New Jersey's pension has been investing in the asset class since 2005, when the investment council approved a 13 percent allocation to private equity, hedge funds and real estate.

At the time, the council had 11 members. Seven voted to move into alternative investments, while two members voted against the plan. A further two members were absent from the vote. The first year, New Jersey voted to spend $1.75 billion on private equity and committed more than $300 million to Warburg Pincus, Oak Hill Partners and Quadrangle Group in its initial commitments.

But from the beginning, political forces tried to counter the pension's move into alternatives. Two labour unions sued New Jersey's Treasury department to prevent it from hiring outside investment managers to take on the alternatives mandate. The suit argued that the state lacked the authority to hire outside money managers.

Moving forward, New Jersey's pension, like other public pensions in the US, suffered a decline in the value of its assets during the financial meltdown. As was reported in this column several months ago, James Marketti, a member of the council representing the AFL-CIO labour union, questioned whether it was possible for the pension to unwind its alternative investments.

During his campaign for governor of New Jersey, which he won in October, Christie attacked outgoing governor Jon Corzine for his ties to Wall Street. Corzine is a former chief executive officer of Goldman Sachs.

A vital question is how does Christie view private equity investments, especially in light of the ongoing and wide-ranging investigation into pay-to-play activities involving several public pensions in the US and private equity firms?

New Jersey has not been caught up in the pay-to-play debacle and for good reason – the pension early on established rules governing campaign contributions from investment firms or their representatives to members of the investment council. In hindsight, this eradicating of political taint from the investment process in New Jersey was a prescient move.

Still, for a self-proclaimed reformer like Christie, some of the corruption that has been surrounding the alternatives industry over the past months could become political fodder as he tries to score political points with his new constituents.

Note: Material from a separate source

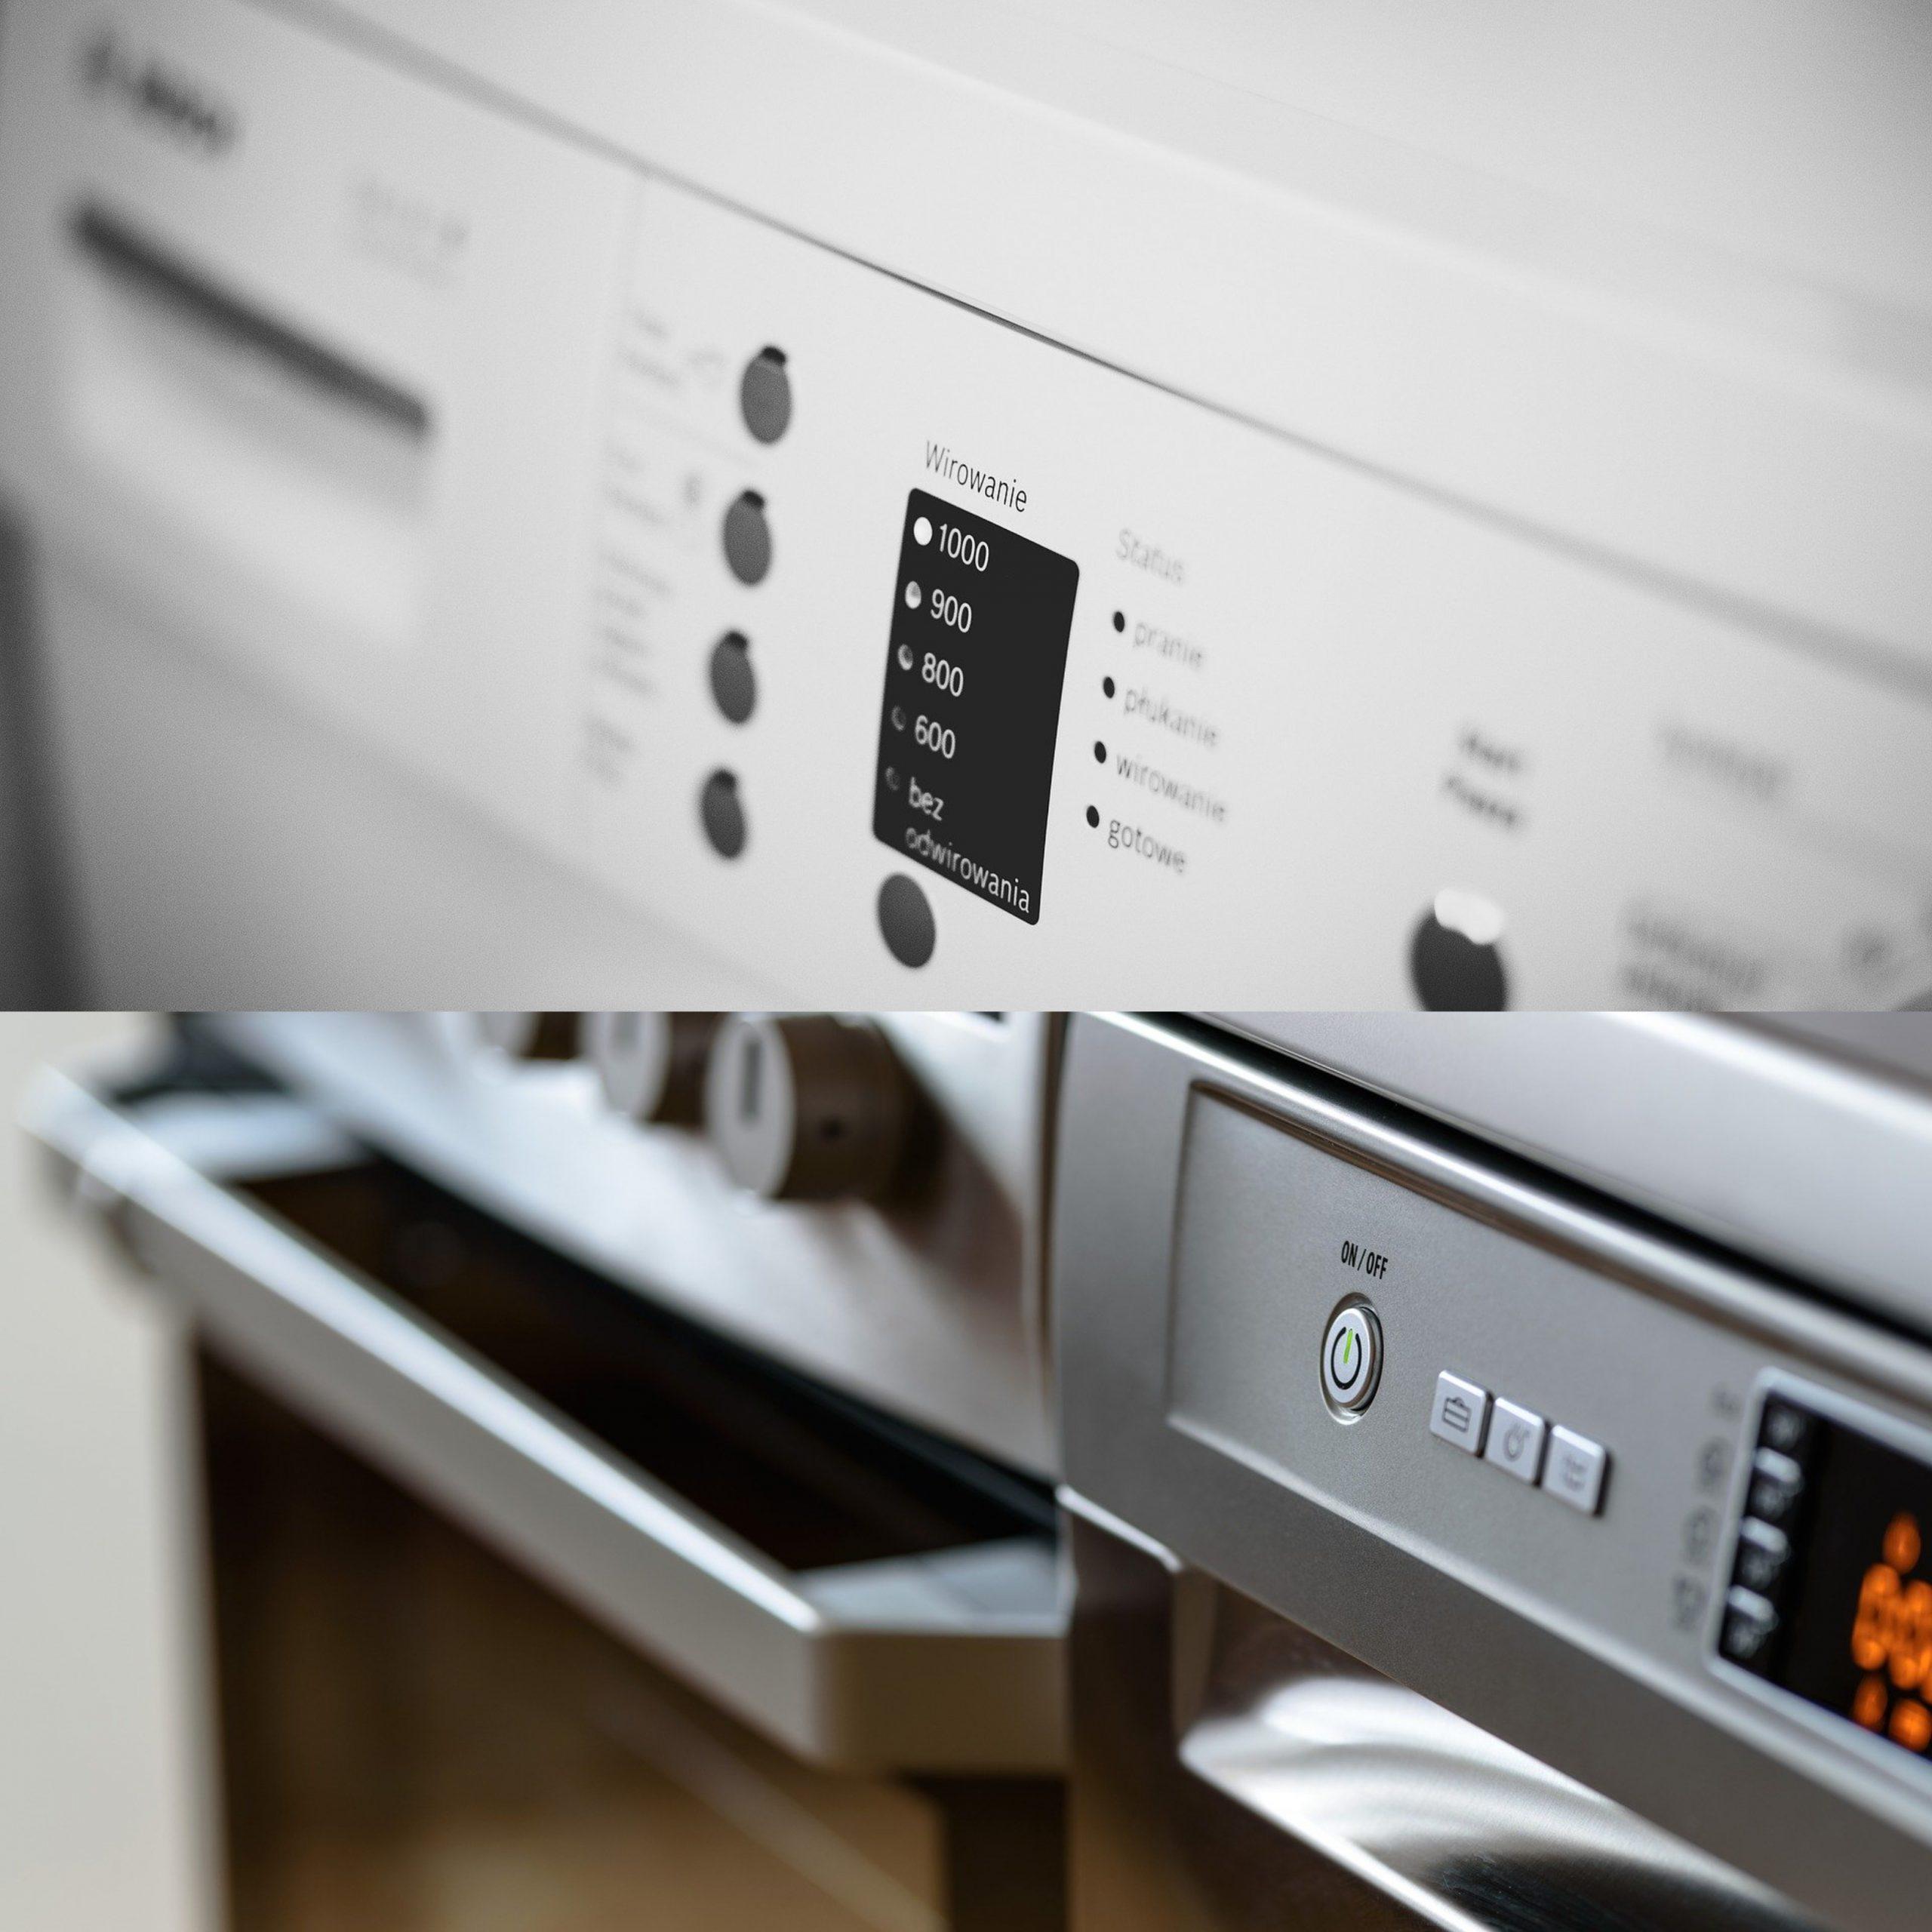 Chi produce le migliori lavastoviglie?

A cheap and easy victory could involve rooting out “risky” alternative investments in an effort to stabilise the sadly underfunded pension. Doesn't really matter if these investments really are as risky as portrayed – the perception would be easy to sell.

New Jersey has already cut back on alternatives. Its plan for this year has been to spend between $500 million and $750 million on private equity investments, between zero and $500 million on real estate and no investments in hedge funds. The pension has mostly been looking for opportunities to invest in secondaries and debt-oriented strategies.

As well as slowing its investment pace, the pension has been a leader in negotiating with GPs to cut fund sizes. It also joined its New York and Connecticut peers in meetings with the US' Federal Deposit Insurance Corporation to talk about rules governing private equity ownership of banks and was an early investor in the government's Public-Private Investment Programme.

Christie has time to work his way through all the areas he wants to review to find ways to close the budget gap in New Jersey. There is still hope that the alternatives programme will be left alone to work the way it should work – over time.